III - na presença de várias pessoas, ou por meio que facilite a divulgação da ofensa.

Assim, a pena corporal deve ser aumentada em 1 (um) mês, e a pena de multa em 1 (um) dia.

Ausente outras modificadoras, fixo a pena definitiva em 4 (quatro) meses de detenção e pagamento de 6 (seis) dias-multa à razão de um trigésimo do salário mínimo vigente à época do fato, considerada a situação econômica do acusado, que se declarou mecânico.

A pena privativa de liberdade deverá ser cumprida, inicialmente, em regime aberto (CP, art. 33, § 2º, letra c).

O acusado preenche os requisitos do art. 44 do Código Penal. Portanto, considerando que a pena privativa de liberdade não ultrapassa 6 (seis) meses, substituo-a por uma restritiva de direitos, consistente em prestação pecuniária que, nos termos do art. 45, § 1º, do Código Penal, e levando em consideração as condições financeiras do réu, fixo na importância de 1 (um) salário mínimo, a ser destinado à entidade pública sediada na respectiva Zona Eleitoral.

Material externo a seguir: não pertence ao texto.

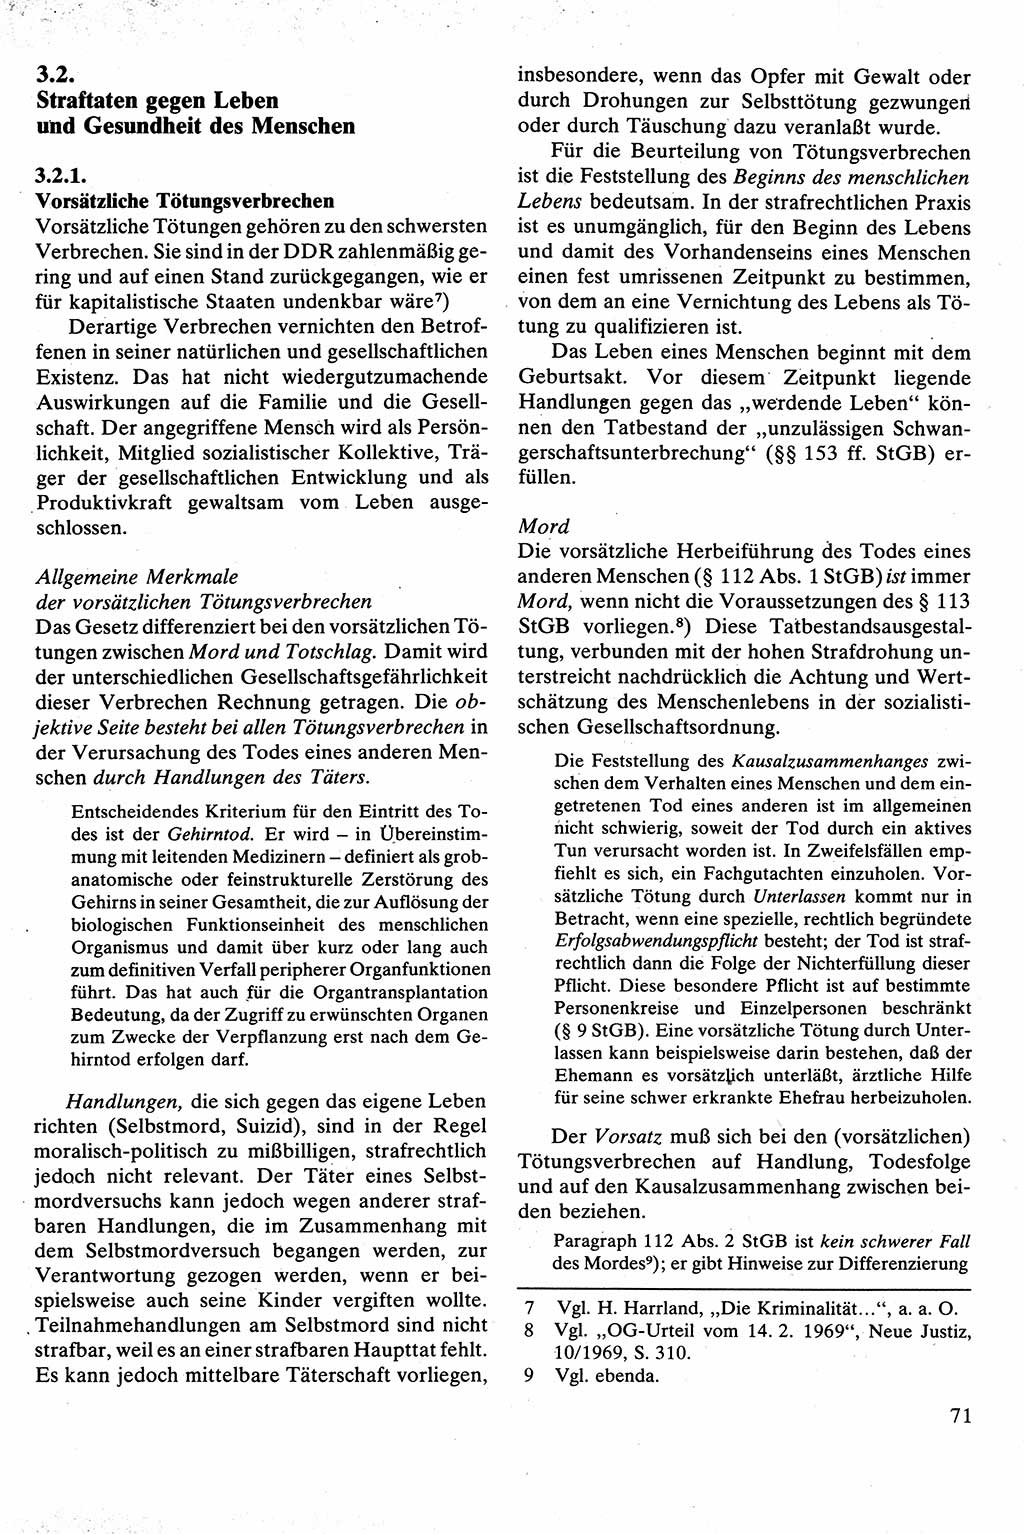 Strafrecht [Deutsche Demokratische Republik (DDR)], Besonderer Teil, Lehrbuch 1981, Seite 71 (Strafr. DDR BT Lb. 1981, S. 71)

Fica o réu advertido de que, no caso de descumprimento injustificado da restrição imposta, a pena restritiva de direitos será convertida em privativa de liberdade, conforme disposto no § 4º do art. 44 do Código Penal, com seu recolhimento à prisão.

 

ANTE O EXPOSTO, VOTO pelo provimento parcial do recurso, para o fim de:

 

a) absolver JOSÉ DIMAS FONTANA DA SILVA da condenação pela prática do crime de calúnia previsto no art. 324 c/c art. 327, inc. III, ambos do Código Eleitoral, com fundamento no art. 386, inc. III, do Código de Processo Penal;

b) acolher o pedido de desclassificação para o fim de condenar JOSÉ DIMAS FONTANA DA SILVA pela prática do delito de difamação na propaganda eleitoral, previsto no art. 325 do Código Eleitoral, com a consequente redução da pena para 4 (quatro) meses de detenção e pagamento de 6 (seis) dias-multa à razão de 1/30 do salário mínimo vigente à época do fato, substituída a pena privativa de liberdade por uma restritiva de direitos, consistente em prestação pecuniária na importância de 1 (um) salário mínimo, a ser destinado à entidade pública sediada na respectiva Zona Eleitoral, nos termos da fundamentação.